The data:
........

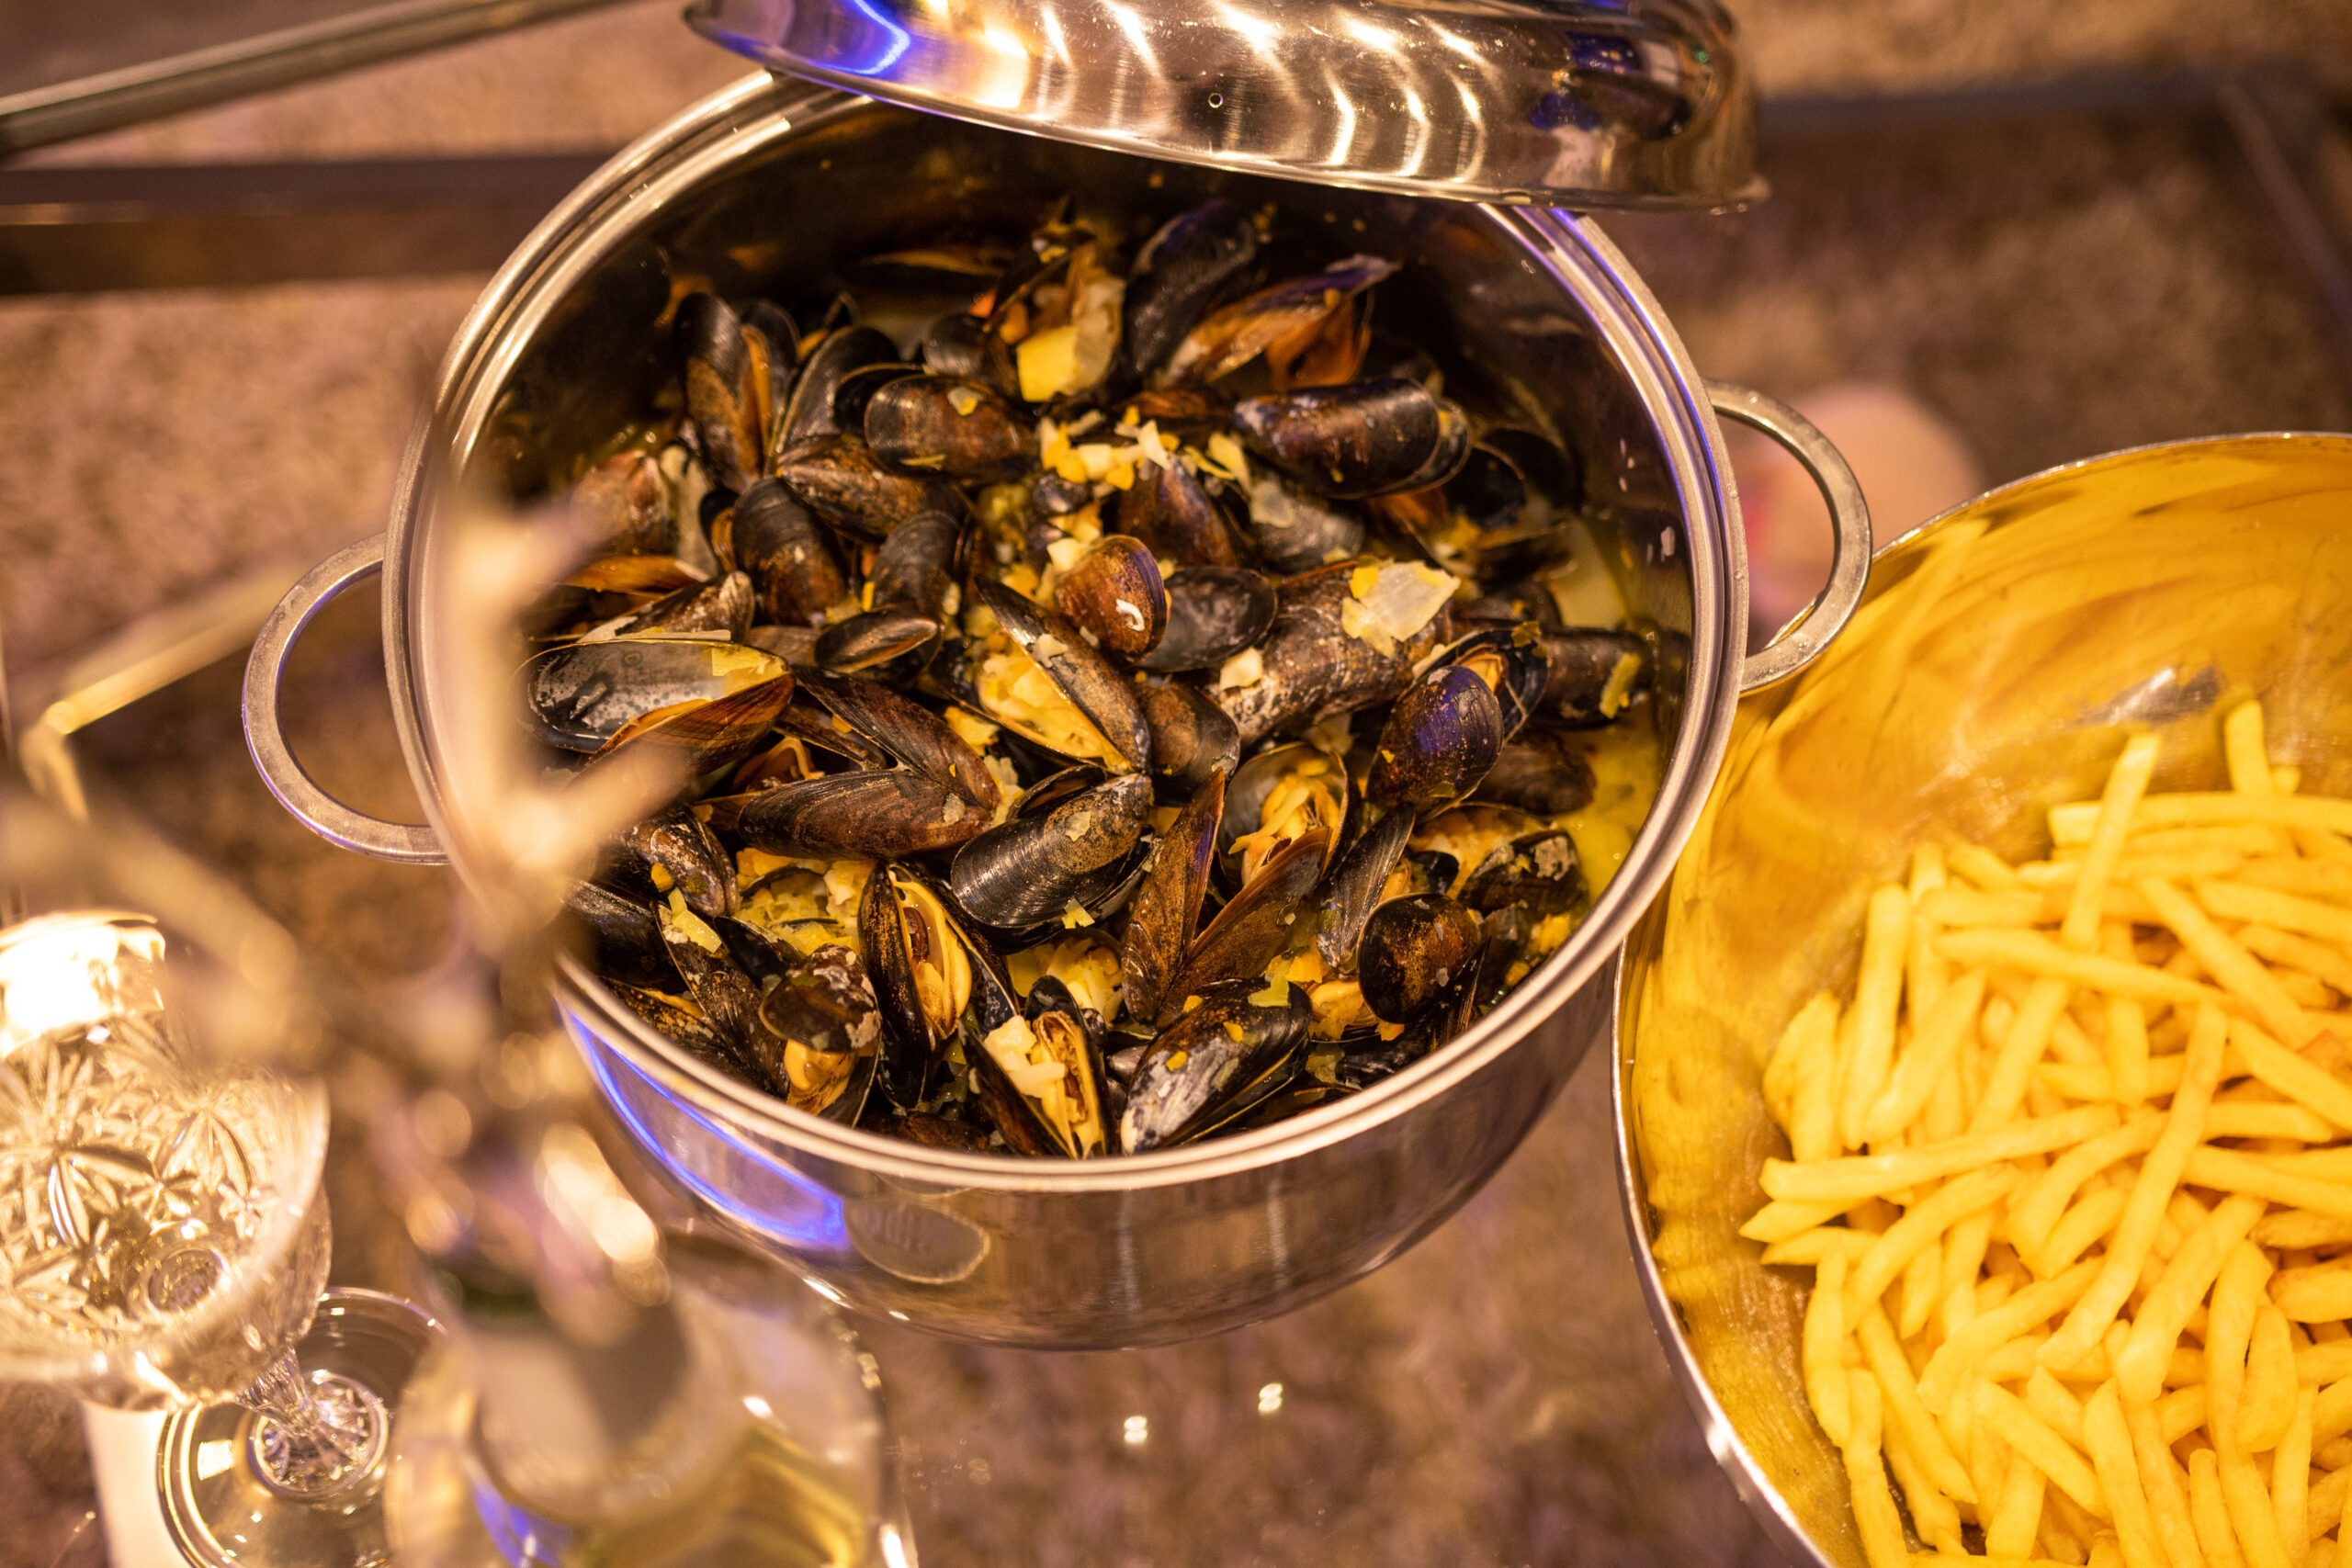 Mussels in white wine cream stock (Moules Frites)
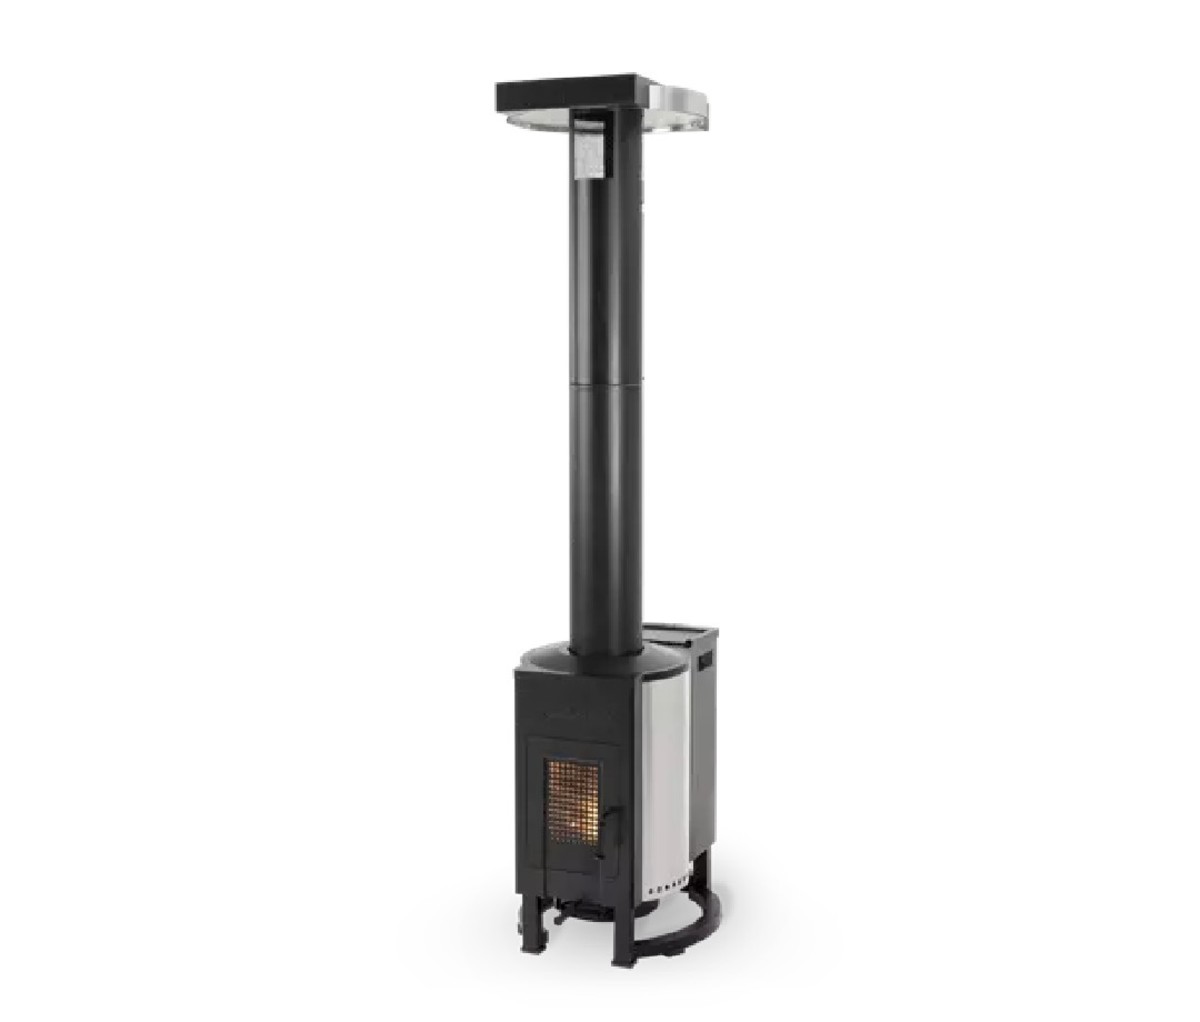 SoloStove Tower Patio Heater.
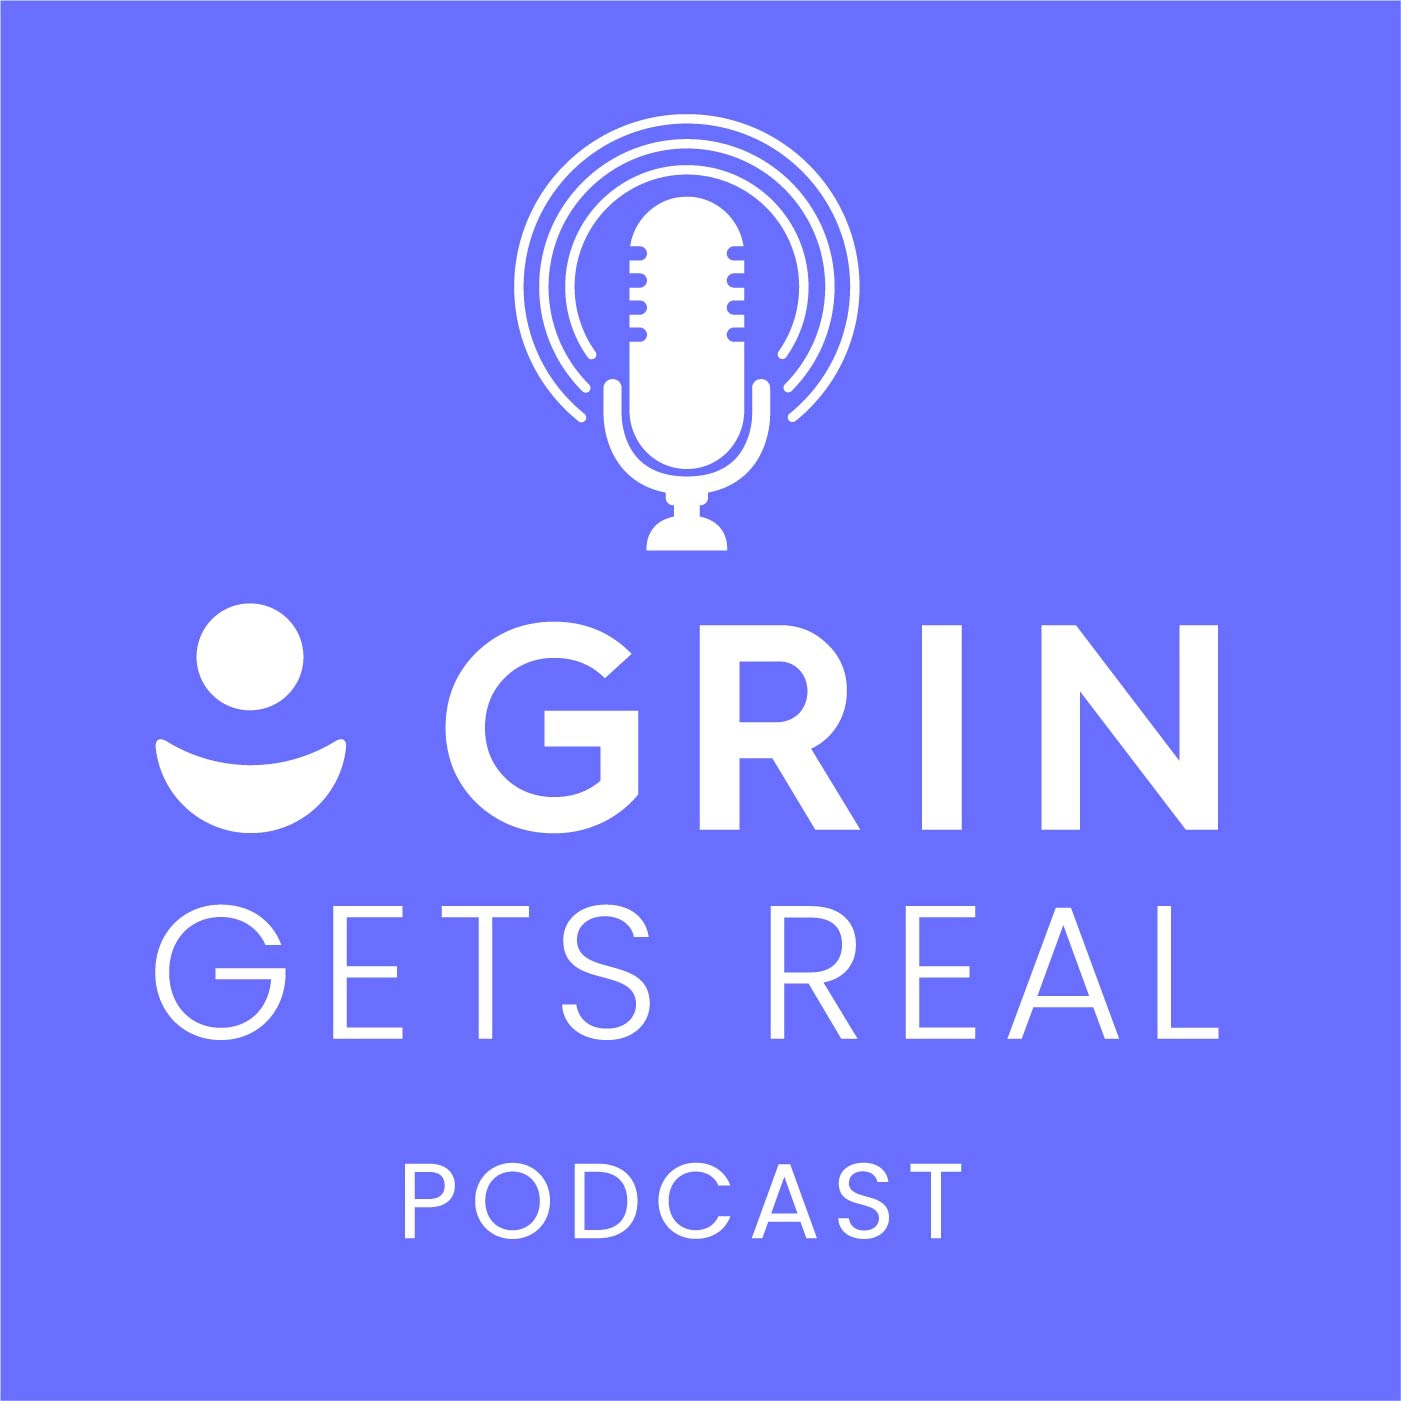 Grin Gets Real Podcast logo

........

Task goal:
Return the material as it stands. Leave out the pictures.

Solved problem:
 Mussels in white wine cream stock (Moules Frites)
 SoloStove Tower Patio Heater.
 Grin Gets Real Podcast logo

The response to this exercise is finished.